É, portanto, para a esquerda, muito mais do que simplesmente um crime pessoal.

É um crime político. E quando é praticado pela esquerda, se torna ainda mais indesculpável, porque a iguala à direita, porque favorece a desqualificação da esquerda, porque desvia as atenções dos maiores problemas do país para um problema de corrupção. E porque se trata de políticos identificados com a esquerda apropriando-se de recursos públicos para objetivos privados.

Um objetivo central da esquerda é a recuperação da política como atividade emancipatória, de construção da polis, da res publica, da esfera pública, dos bens comuns. O socialismo pode ser definido como a socialização dos bens materiais e espirituais, como a reconstrução da sociedade centrada na esfera pública.
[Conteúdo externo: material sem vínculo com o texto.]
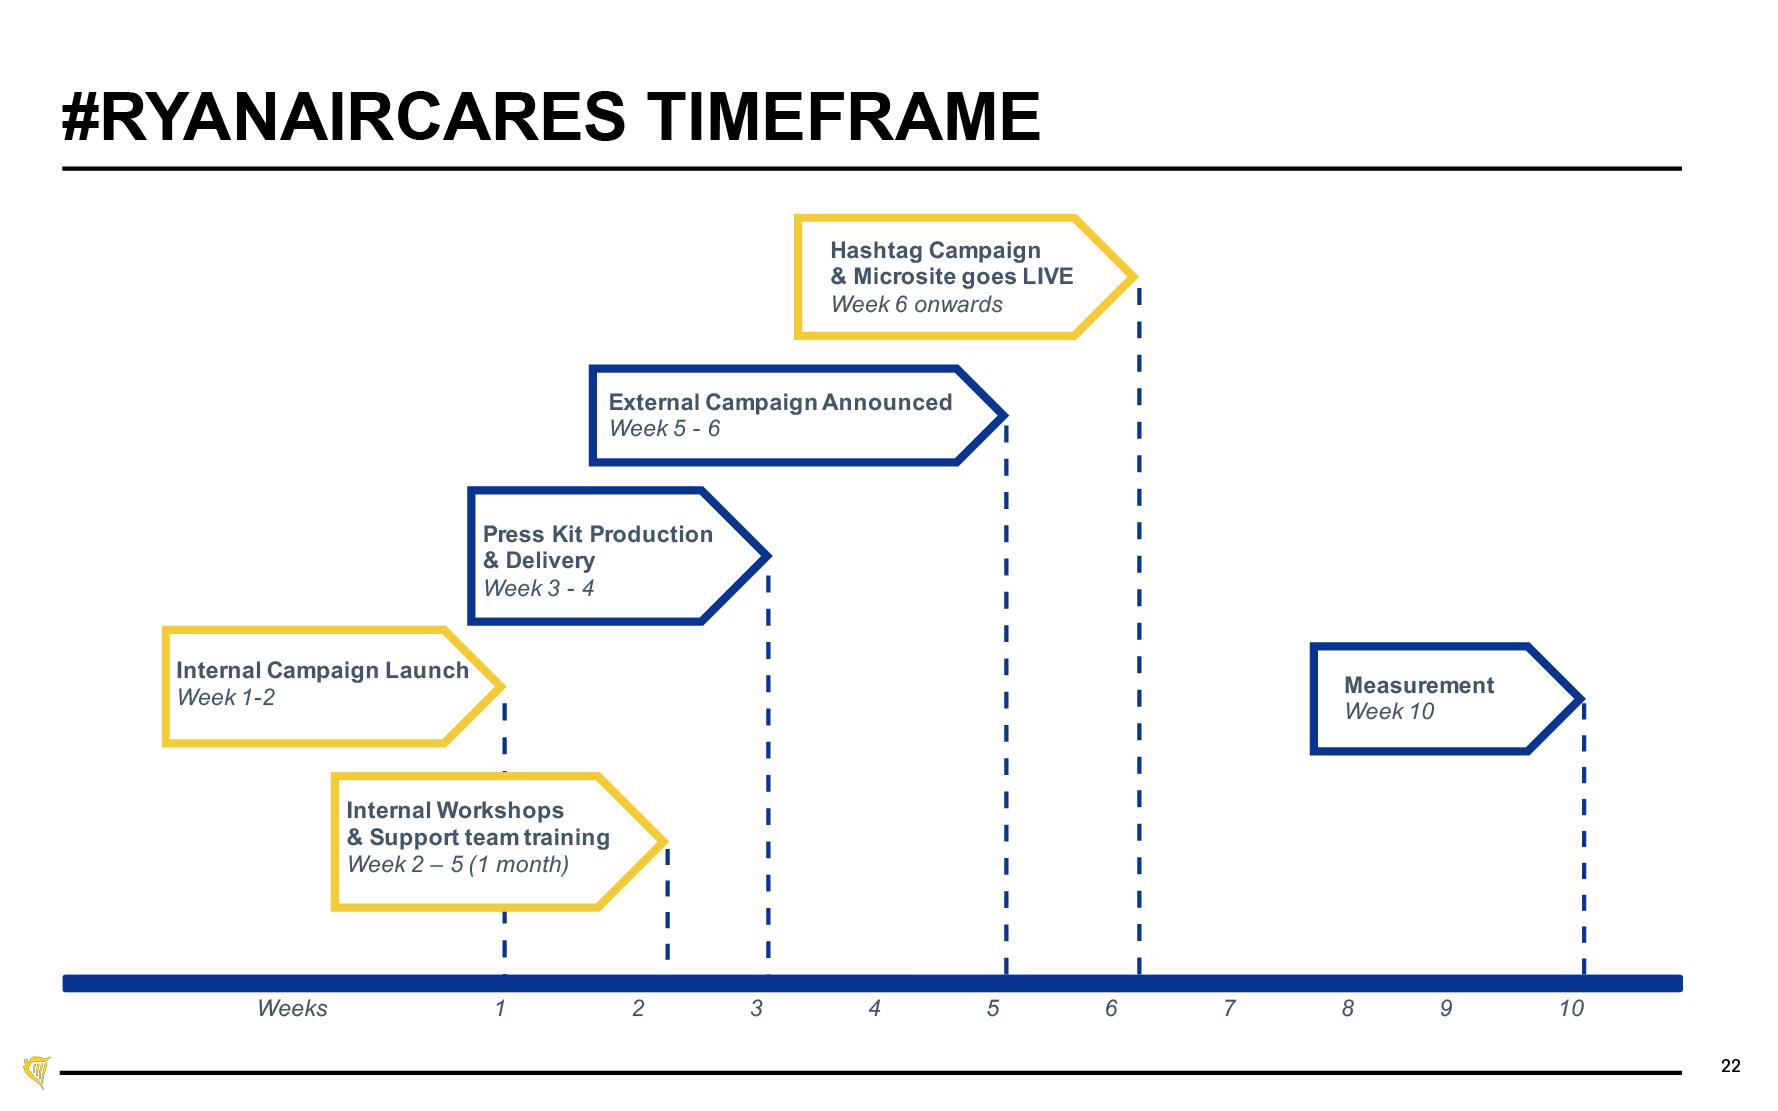 #RyanairCares Page422.png

Essa luta inclui o resgate da militância política, da militância revolucionária, dessa atividade dedicada e desinteressada, de luta pelos ideais da humanidade, dos trabalhadores, da construção de uma sociedade sem classes e sem Estado, sem exploração, nem discriminação, nem opressão, nem alienação. Da militância como atividade ética, não remunerada, de entrega aos valores de luta pela emancipação de todos, pelos interesses dos mais pobres, dos mais humildes, dos humilhados e ofendidos.

Do resgate da política e da militância como algo totalmente oposto a essa mercantilização da política, das campanhas eleitorais, dos partidos, da mídia. A luta contra a corrupção é também a luta contra a corrupção dos valores da esquerda, rebaixados a um realismo tão rasteiro que já não têm mais nada de esquerda, de luta pela emancipação. Ao contrário, reproduzem e multiplicam a alienação, a opressão, a exploração.

A luta da esquerda contra a corrupção não abole a direita e a esquerda. Ao contrário, recoloca a luta entre direita e esquerda em outro patamar. Quem quer abolir direita e esquerda é de direita. Quem reduz a luta política à luta contra a corrupção é de direita. E quem reproduz a corrupção e a privatização da política não é de esquerda: é de direita.

Ou a esquerda se livra desse tipo de prática e desse tipo de gente ou contribui à alienação do povo e acaba por atentar contra os ideais de emancipação - os que deram origem à esquerda e justificam sua existência, assim como os da militância e da prática política revolucionária.